While there is much diversity in tribes’ laws, governments, and economic capacity,10 their responsibility to protect and promote their citizens’ welfare remains an essential aspect of sovereignty.11 Tribal sovereignty and self-governance are thus rich with examples of emergency preparedness and response authority; however, the terminology and organizational models by which tribes exercise and implement these authorities can vary.12 The following sections gives examples of tribal emergency preparedness authorities across tribal constitutions, codes, and emergency management plans.

Tribal Constitutions

Tribal constitutions can specifically reference a tribe’s authority to protect the health and welfare of its communities. For example, pursuant to Article IV, Section 1(c)(j)(o) of the Standing Rock Sioux Tribe’s constitution, the tribe has the authority “to safeguard and protect general welfare, property, cultural and natural resources of the Standing Rock Sioux Tribe.”13 This article was cited by the tribal chairman as the source for his authority to declare a state of emergency in May 2013 when flash flooding threatened roads, homes, and the tribe’s irrigation system.14

Tribal Codes

Tribal codes outline the depth and breadth of tribal emergency management authorities.

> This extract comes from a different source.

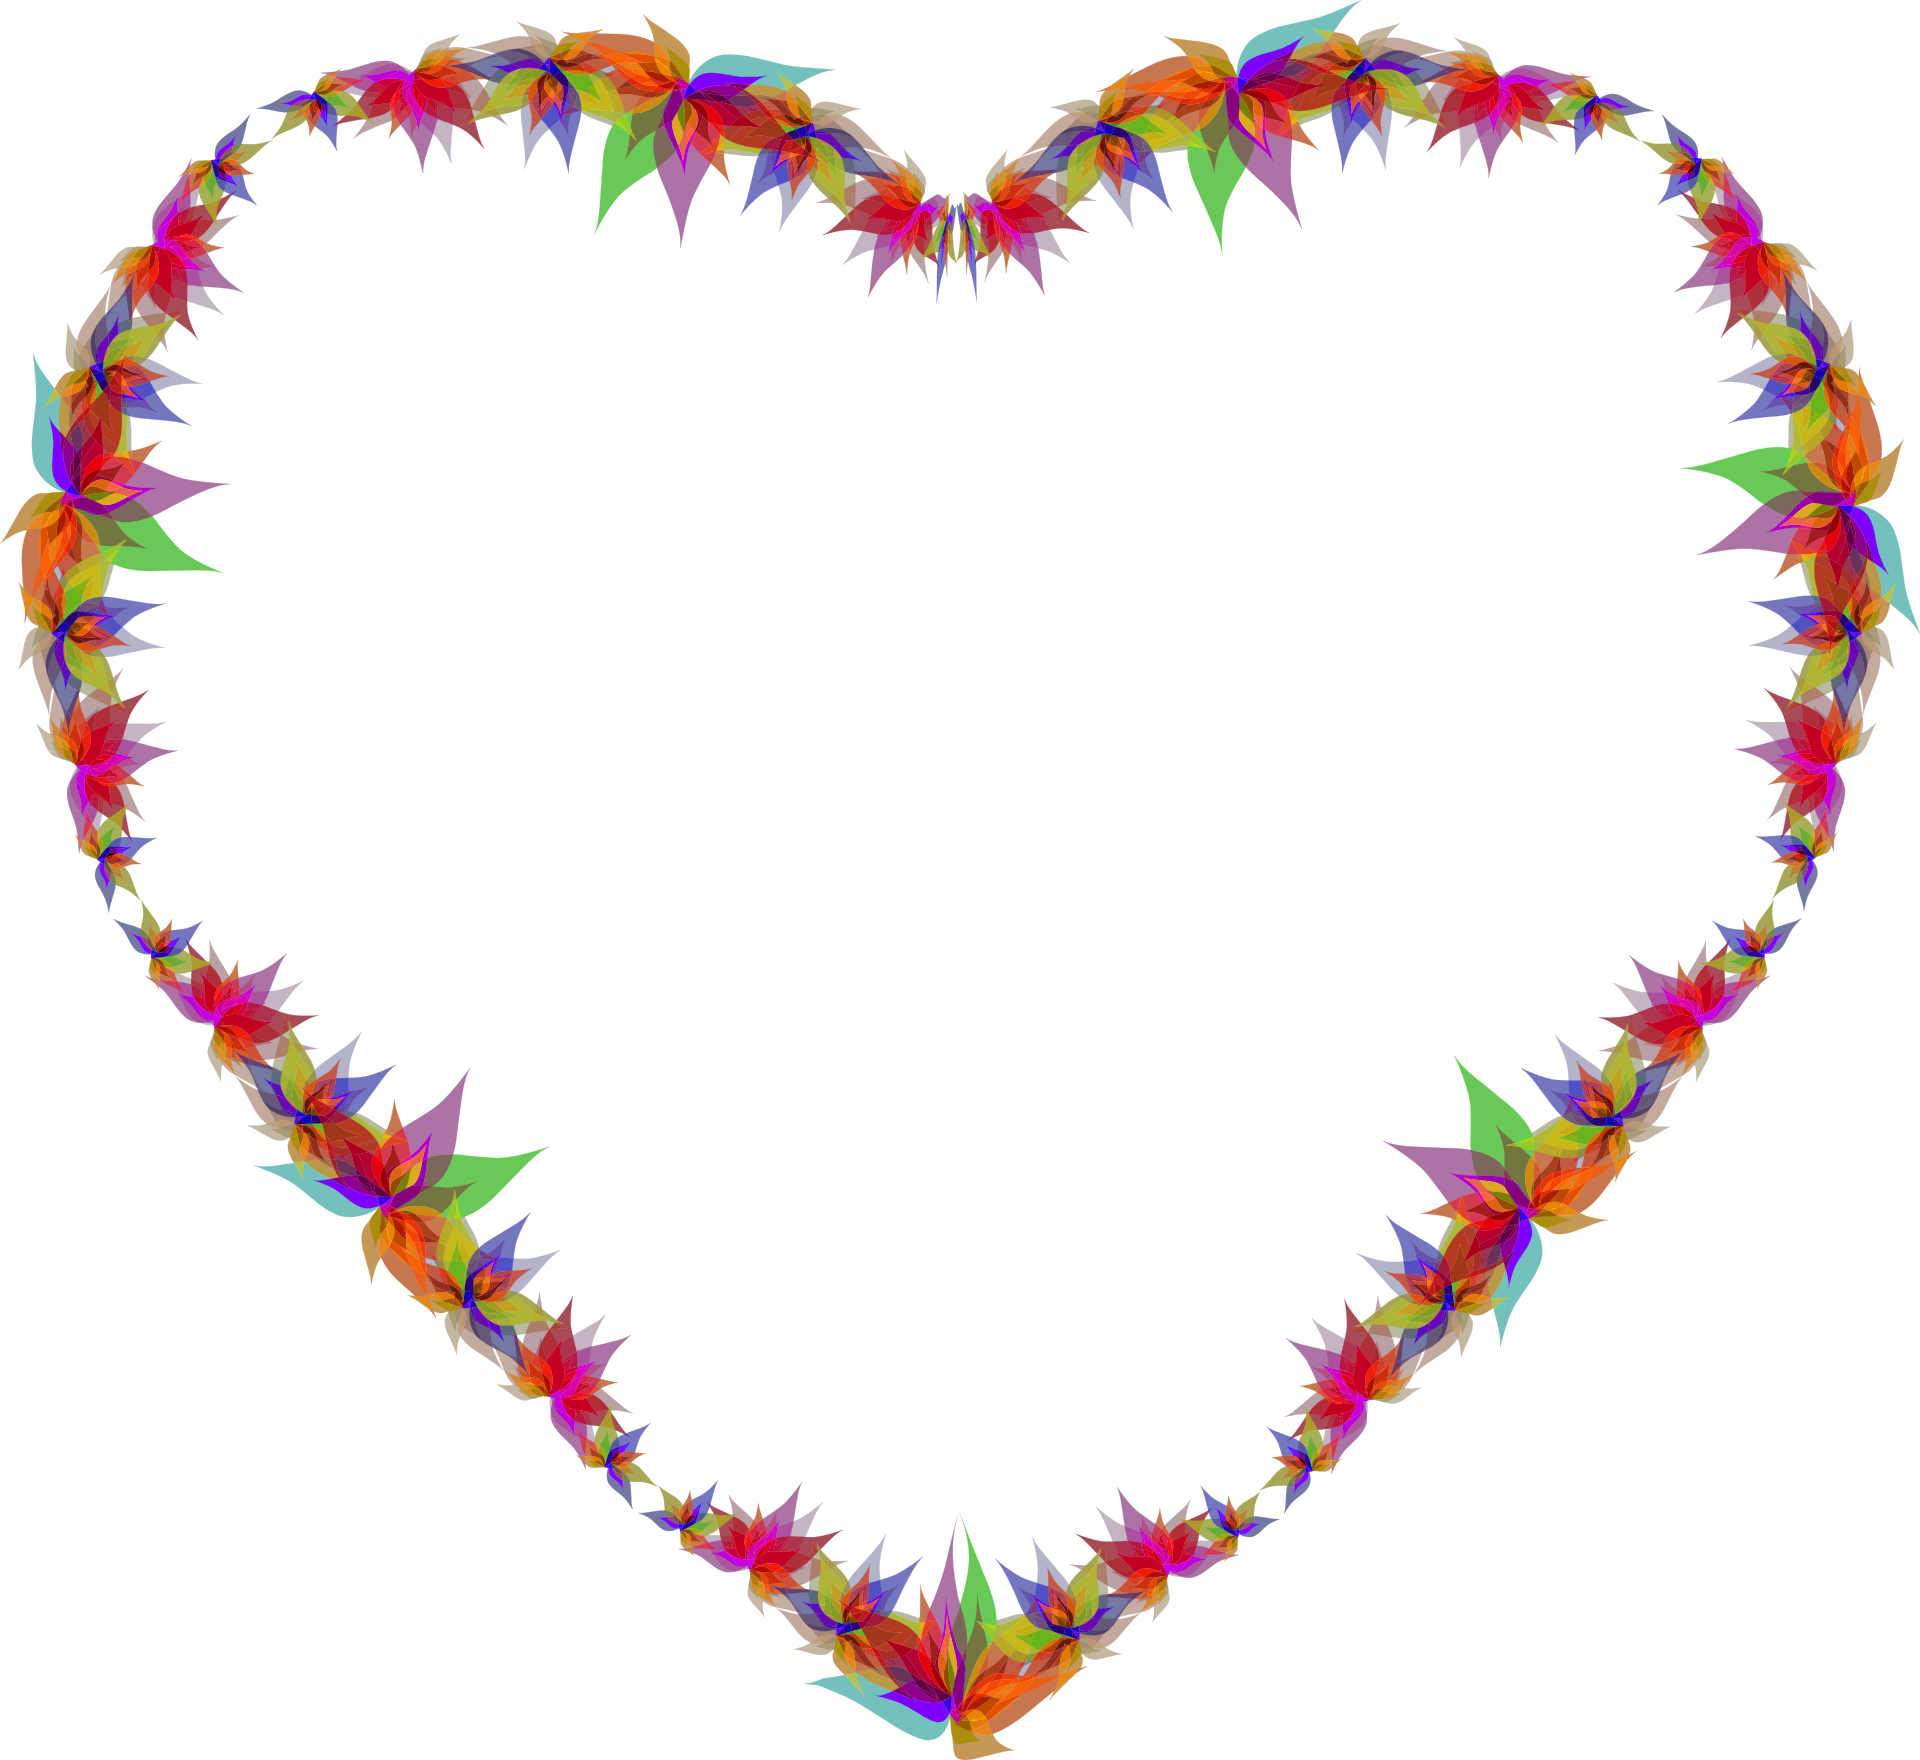 Download PNG image - Red Vector Flower Heart PNG Transparent Image 
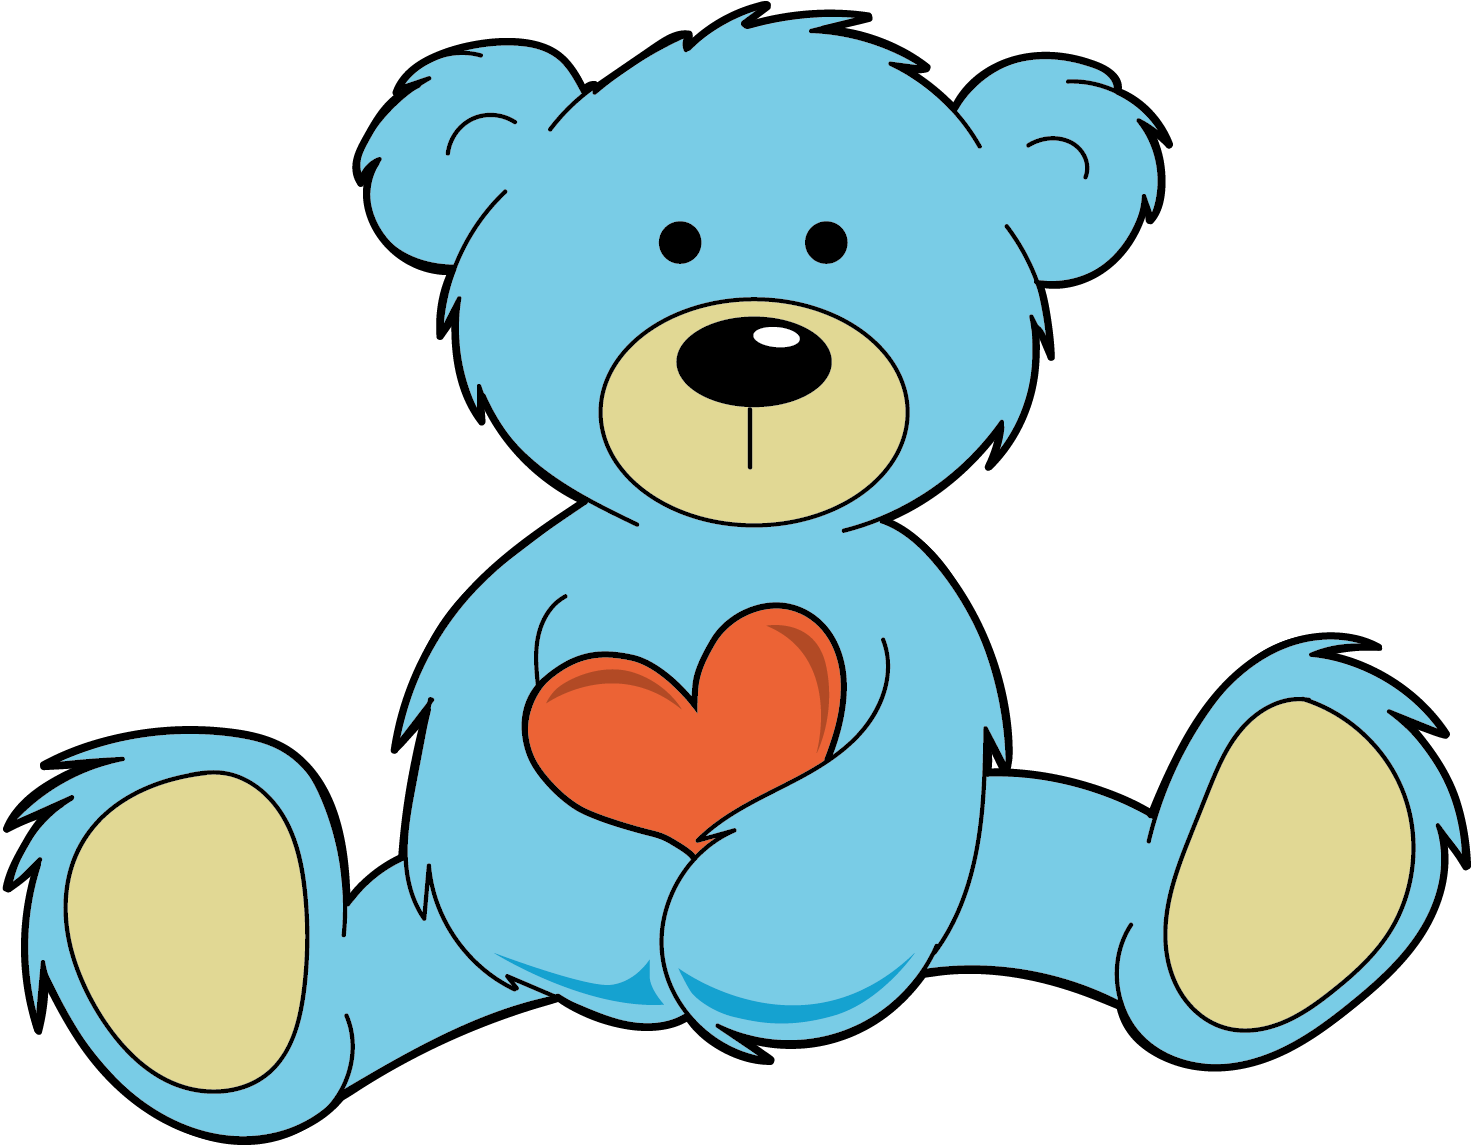 Fuzzy blue teddy bear holding red heart.

The Snoqualmie Indian Tribal Code includes an Emergency Management Department Act,15 which establishes the tribe’s Emergency Management Department and outlines the duties of the tribal chairman during an emergency.16 Per the tribal code, the department is responsible for developing a “Tribal Comprehensive Emergency Management Plan,” regularly reviewing and updating all emergency management plans, conducting emergency operation exercises, conducting regular inspections of tribal emergency facilities and systems, and enrolling emergency response volunteers before emergencies, among other duties.17 In the event of an emergency,18 the tribal code also authorizes the chairman to declare an emergency, issue emergency rules and orders related to an emergency response, obtain supplies and services to respond to an emergency, and requisition personnel and materiel.19

Similarly, the Cherokee Code of the Eastern Band of the Cherokee Nation includes an emergency management chapter.20 It establishes a tribal Office of Emergency Management,21 which is responsible for planning and implementing all emergency management activities on Cherokee lands, recruiting volunteers for emergency responses, developing emergency response plans, and conducting public practice alerts, among other activities.22 It also authorizes the tribal chairman to declare emergencies23 and compel evacuations.24

In addition to laws specific to emergency preparedness and response, tribal laws governing other activities can be used to respond to various threats. For example, tribal solid waste management laws, nuisance control laws, and insecticide laws can support a response to an outbreak of a vector-borne disease.25 Similarly, tribal laws address issues related to infectious disease outbreaks through contact tracing and partner notification laws; quarantine, isolation, and exclusion laws; and involuntary testing and treatment laws.26

Tribal Emergency Management Plans

Often required by tribal law,27 emergency management plans detail a tribe’s strategy for responding to and mitigating emergencies.28 For example, the Lummi Nation’s Comprehensive Emergency Management Plan details the tribe’s emergency management structure, responsibilities, and procedures during and after an emergency.29 The plan specifies that the tribe’s responsibility to protect the public during an emergency extends beyond tribal members to all members of the community and its visitors: “The Lummi Nation has established this plan to . . . [s]ave and protect the lives of the residents, visitors, employees, students, the public, and clients both living and working in Lummi Nation facilities and the Lummi Indian Reservation.”30

The plan lists the legal authorities relied upon to develop and implement the plan, details the incident command structure and duties in the event of an emergency, and discusses intergovernmental coordination with local, state, and federal partners.31 The plan also refers to emergency response activities, such as disseminating public information and warnings32 and ensuring responder safety and health.33

The Squaxin Island Tribe’s Community Health Emergency/Pandemic Flu Plan supplements the tribe’s Comprehensive Emergency Management Plan and establishes additional processes in the event of a community health or pandemic incident.34 For example, it indicates that the Tribal Health and Human Services department will be responsible for surveillance activities35 and discusses securing medical supplies,36 both of which are referenced in CDC’s Public Health Preparedness Capabilities.37

Federal Indian law refers to the body of law that defines the rights, relationships, and responsibilities among tribes, states, and the federal government.38 Concurrent with tribal sovereign authority, the United States maintains a moral and legal trust responsibility toward tribes.39 This trust responsibility includes a “fiduciary obligation . . . to protect tribal treaty rights, lands, assets, and resources, as well as a duty to carry out the mandates of federal Indian law.”40 The trust responsibility is not limited to components of the federal government that have specific missions to support tribal communities, such as the Indian Health Service or the Bureau of Indian Affairs, but rather extends across the whole   federal government.41 Thus, any federal agency with a role in emergency preparedness and response, such as the Federal Emergency Management Agency or CDC, is obligated to provide consultation opportunities to tribes42 in addition to the other services and resources available at the agency.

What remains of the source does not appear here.